Assim se vai o Parlamento debilitando. Brevemente, sem liberdade de voto, bastará um deputado de cada grupo votar por todos. Os hipotéticos rebeldes ficam calados ou são convidados a sair da sala. O actual modo de votação por colectivo, sem nome nem contagem, é já há muito o anúncio deste admirável Parlamento novo, em que qualquer deputado é substituído por doença, casamento, férias, emprego, lazer, negócios ou interesse do partido
As aparentes boas intenções dos responsáveis parlamentares são inúteis. Querem curar com adesivos os pés da cadeira partida. Toda a lógica actual dos grupos, da disciplina de voto, das listas partidárias e das substituições sem eleição é a mesma dos sistemas de faltas, de ajudas de custo, de transmissão de passwords, de votos por barriga de aluguer e de marcação de presenças por ausentes. O que parece ser uma falta grave para a opinião pública é praticado há décadas por muitos membros dos grupos parlamentares. Não todos. Mas muitos.
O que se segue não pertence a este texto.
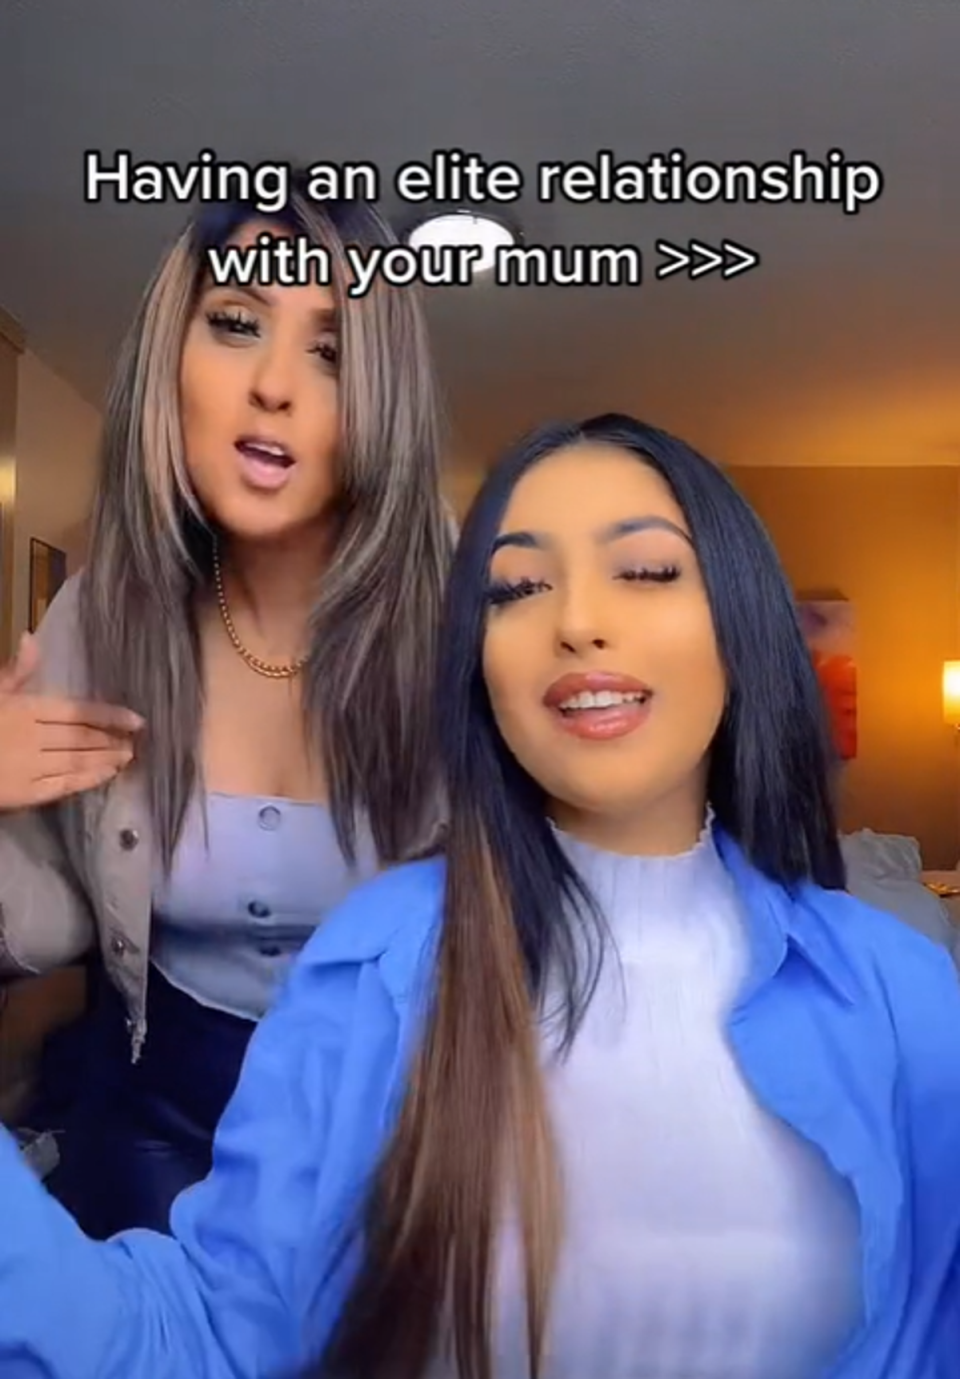 The two women pose for a video together on TikTok (Screengrab)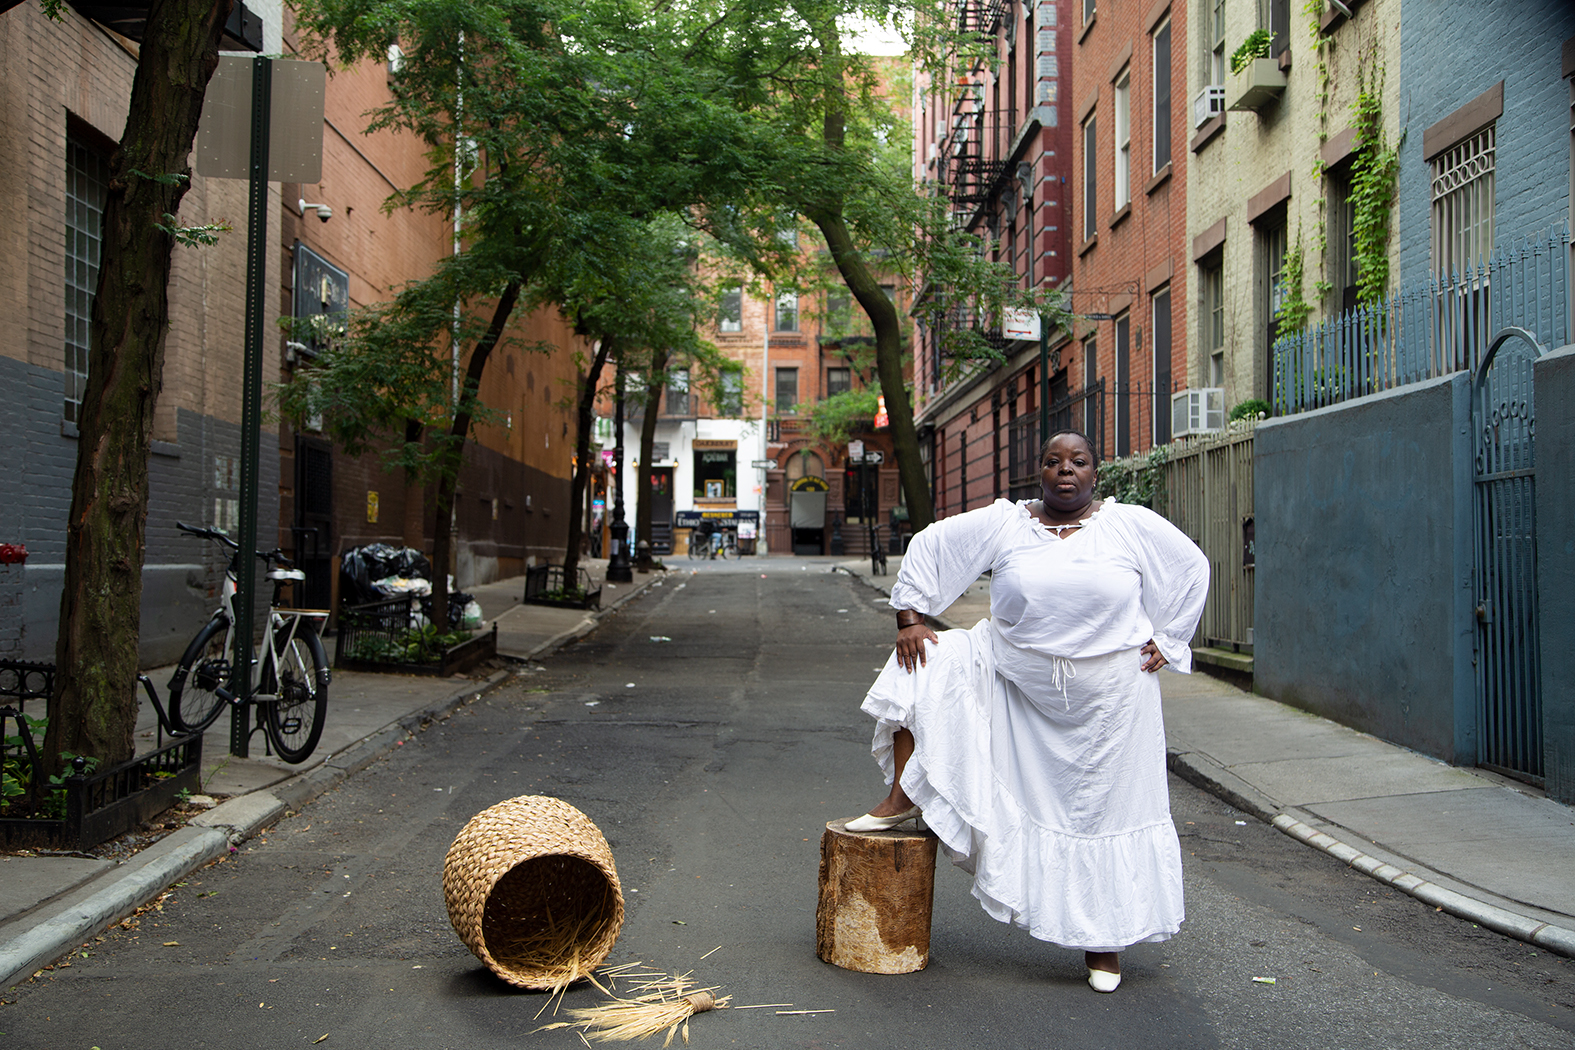 Nona Faustine, ‘Dorothy Angola, Stay Free, In Land Of The Blacks’, Minetta Lane, Village, NYC, 2021, from White Shoes (MACK, 2021). Courtesy the artist and MACK.

O método de votar por procuração e “tirar a falta” tem quarenta anos. Antes dos computadores, muitos deputados tinham nas suas carteiras fac-simile de assinaturas de amigos, em geral da província, por quem rubricavam. Viam-se alguns mais descarados tirar a agenda do bolso para copiar a rubrica dos faltosos. As sextas-feiras eram dias particularmente cheios de trabalho para os procuradores. Nesse dia, uma assinatura valia por três, pois incluía o fim-de-semana, a ajuda de custo e a deslocação. As palavras-passe não fizeram mais do que modernizar a tramóia.
Votar em colectivo, com disciplina, não é muito diferente de tirar a falta. O deputado pode estar lá dentro, em comissão, no seu gabinete, no Chiado, na Avenida dos Aliados ou em Tavira! Qual é a diferença, neste mundo informatizado?
Há três anos, foi criada uma Comissão especializada para tratar destes assuntos relativos à fraude parlamentar. Ao fim de três anos e dezenas de reuniões, não há conclusões! Típico! Em três anos, os deputados não conseguiram chegar a um acordo sobre o Código de Ética, as faltas, as incompatibilidades, os deveres de lealdade, de cumprimento de deveres e de declaração de despesas… Parece que nem o Parlamento, nem os partidos, conseguem estimular a honestidade de todos os deputados!

UM COMENTÁRIO
Manuel CaetanoFaro 13.01.2019 Este é um tema que permite detectar facilmente os democratas e os não-democratas. Os democratas criticam (e não toleram) os deputados com rosto e nome que sucumbem à corrupção e aos arranjinhos mas são intransigentes na defesa da instituição parlamentar porque sabem que sem parlamento não há democracia. Os não-democratas (e os antidemocratas) generalizam atribuindo estas máculas a todos os deputados para (com mais ou menos consciência) poderem atacar a instituição parlamentar e, por essa via, a democracia representativa. É urgente separar o trigo do joio nos partidos e neste debate.